The mean and median of the day_listed column are 39.5 and 33 days respectively.The mean and median have deviation because some ads really statyed longtime which behaves like outliers.The typical lifetime of an ad is about 40 days.Some ads are removed very quickly less than 24 hours,either they sold out or advertiser change their mind not to sell.On the other hand, some ads lasted longer than 3 months which is abnormal behavior.In the next analysis, we can find out which type are more demandable or which are not.

In [None]:
#Analyze the number of ads and the average price for each type of vehicle

#avg_price by type
avg_price_grouped = price_filtered.pivot_table(index = 'type',values = 'price', aggfunc='mean').reset_index()
avg_price_grouped.columns=['type','Average price']


#Number of ads placed by type

avg_ads_grouped = price_filtered.pivot_table(index = 'type',values = 'days_listed', aggfunc='count').reset_index()
avg_ads_grouped.columns=['type','Number of ads']
display(avg_price_grouped.sort_values(by='Average price',ascending=False))
display(avg_ads_grouped.sort_values(by='Number of ads',ascending=False))

(avg_price_grouped.sort_values(by='Average price',ascending=False)).plot(kind='bar',x='type',y='Average price', xlabel='type',ylabel='Average price',title='Average price Vs vehicle type')

(avg_ads_grouped.sort_values(by='Number of ads',ascending=False)).plot(kind='bar',x='type',y='Number of ads',xlabel='type',ylabel='Number of Ads',title='Number of Ads Vs vehicle type')
plt.show()



#The most ads is placed for sedan and SUV type car which have avg price of approx. 6942 and approx. 10359.Both type of cars have publication to removal time is avg 40 days.

In [None]:
#Factors impact the price most

sns.boxplot(x='condition',y='price',data=price_filtered).set(title='price Vs condition');
price_filtered.plot(x='vehicle_age', y='price', kind='scatter', figsize=(8, 6), sharex=False, grid=True,title='price Vs vehicle age');
price_filtered.plot(x='vehicle_millege_per_year', y='price', kind='scatter', figsize=(8, 6), sharex=False, grid=True,title= 'price Vs vehicle millege per year');

In [None]:
sns.boxplot(x='transmission',y='price',data=price_filtered[price_filtered.type != 'bus']).set(title='Price Vs transmission type');

In [None]:
sns.boxplot(x='paint_color',y='price',data=price_filtered[price_filtered.type != 'bus']).set(title= 'Price Vs different colors vehicle')
plt.xticks(rotation=45)

In [None]:
print(price_filtered['price'].corr(price_filtered['vehicle_age']))
print(price_filtered['price'].corr(price_filtered['vehicle_millege_per_year']))
print(price_filtered['price'].corr(price_filtered['condition']))

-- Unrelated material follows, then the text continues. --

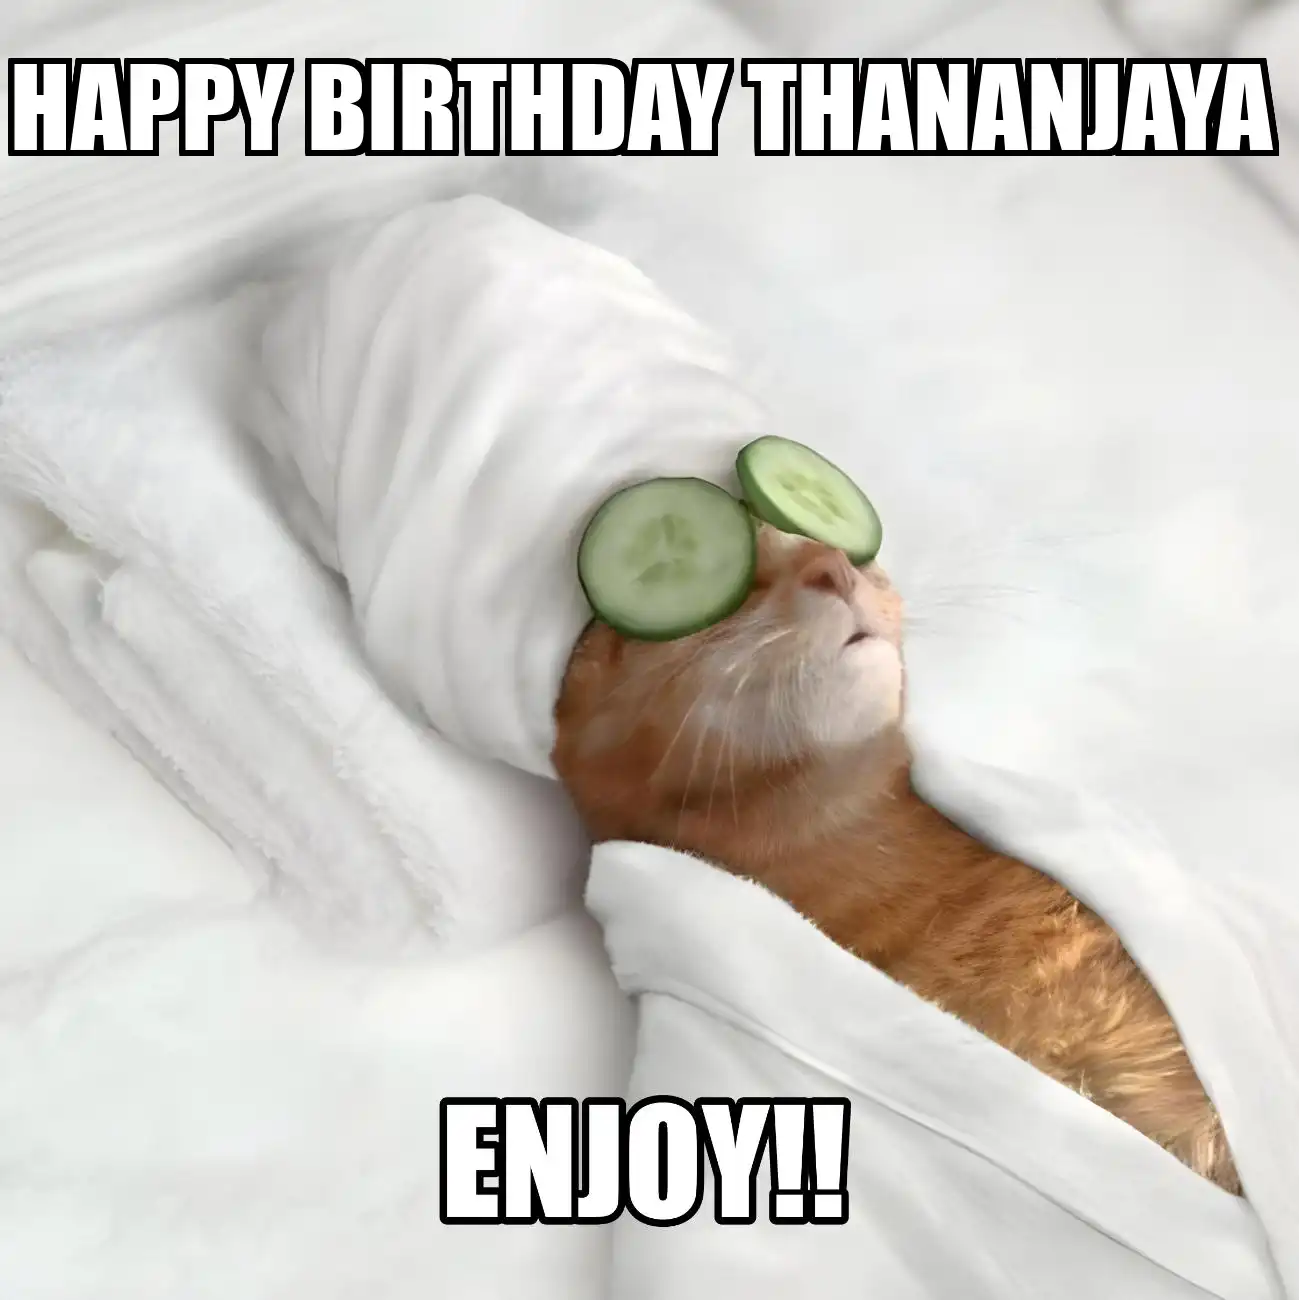 Happy Birthday Thananjaya Enjoy Cat Meme

Only the bus category have 24 ads which is less than 50 ads and is not considered for analyzing categorical variables.There is a reverse relationship between vehicle age and price.Higher the age, lower the price and lower the price,higher the age.There is also a reverse relationship between vehicle_millege_per_year and price observed.The car which condition is good,excellent and like new have higher price.Automatic car is higher price than manual car.The others type of transmission for exmaple, semi automatic or dual clutch or continuously variable transmission are higher price than only automatic/manual cars. Yellow color car have higher price and the purple have the lowest price.White color car is more popular than black color car.

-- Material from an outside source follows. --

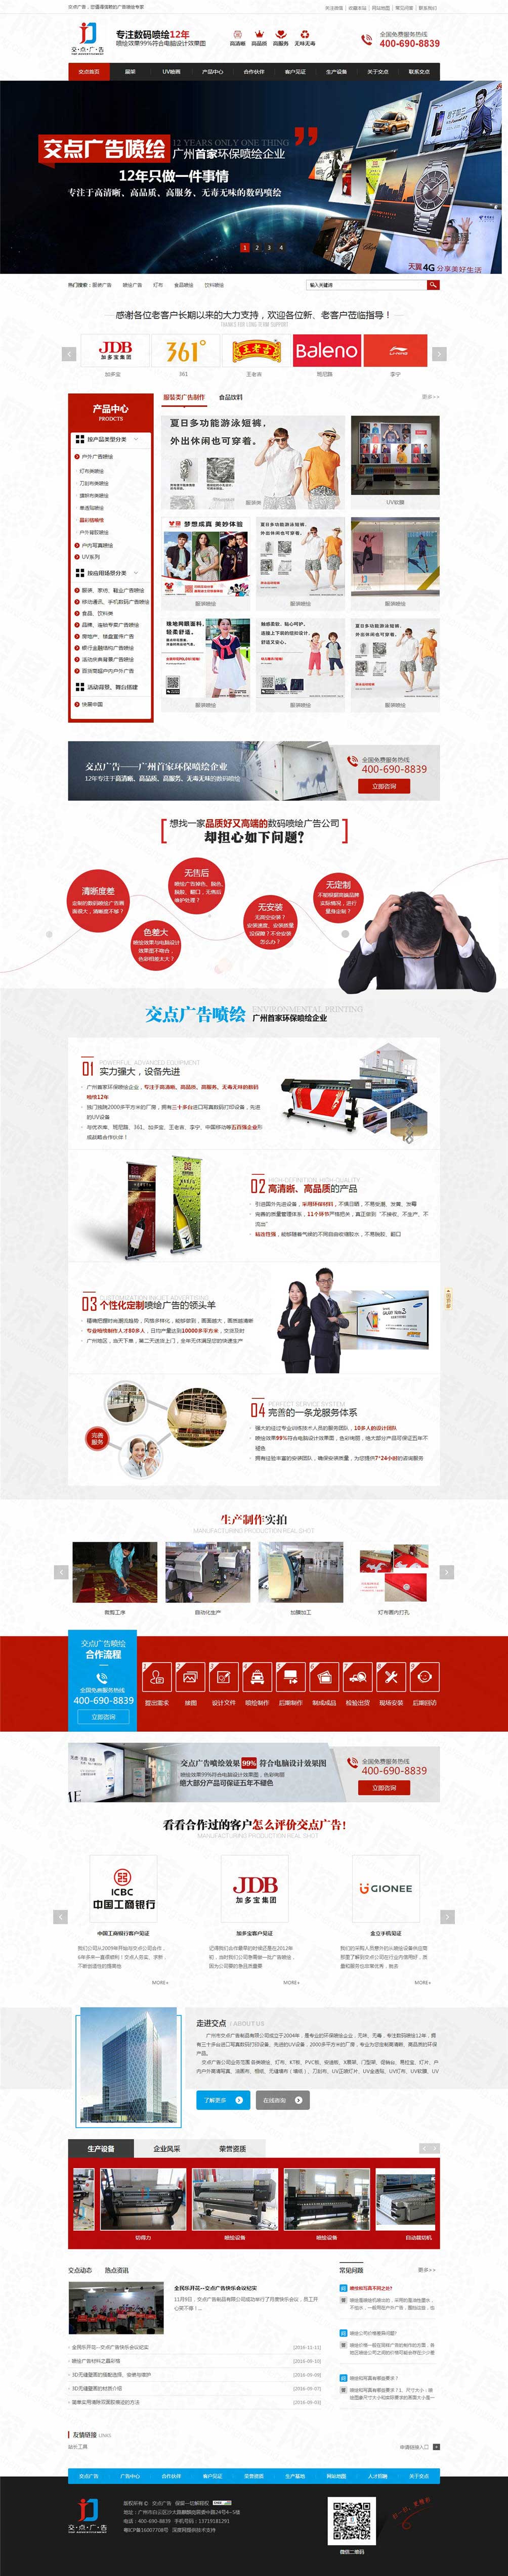 广州市交点广告制品营销型网站建设案例

### Key factors to increase the vehicle price high:

**1. Vehicle age:**
Price have a reverse relasionship with the vehicle age.Lower the age, higher the price.

**2. Vehicle condition:**
The car which condition is good,excellent and like new have higher price​.

**3. Vehicle millege per year:**
If the used millege per year is low,the price is high.A reverse relasionship have been obseved.

**4. Car transmission:**
Automatic car have higher price than manual car.The others type of transmission for exmaple, semi automatic or dual clutch or continuously variable transmission are higher price than only automatic/manual cars.

**5. Car colors:**
Yellow color car have higher price and the purple have the lowest price.White color car is more popular than black color car.

#### So, if someone have limited budget to buy a car, it is hard to combine all the parameters together.But I strongly recommend to buy a manual transmission purple color higher milleges used  car.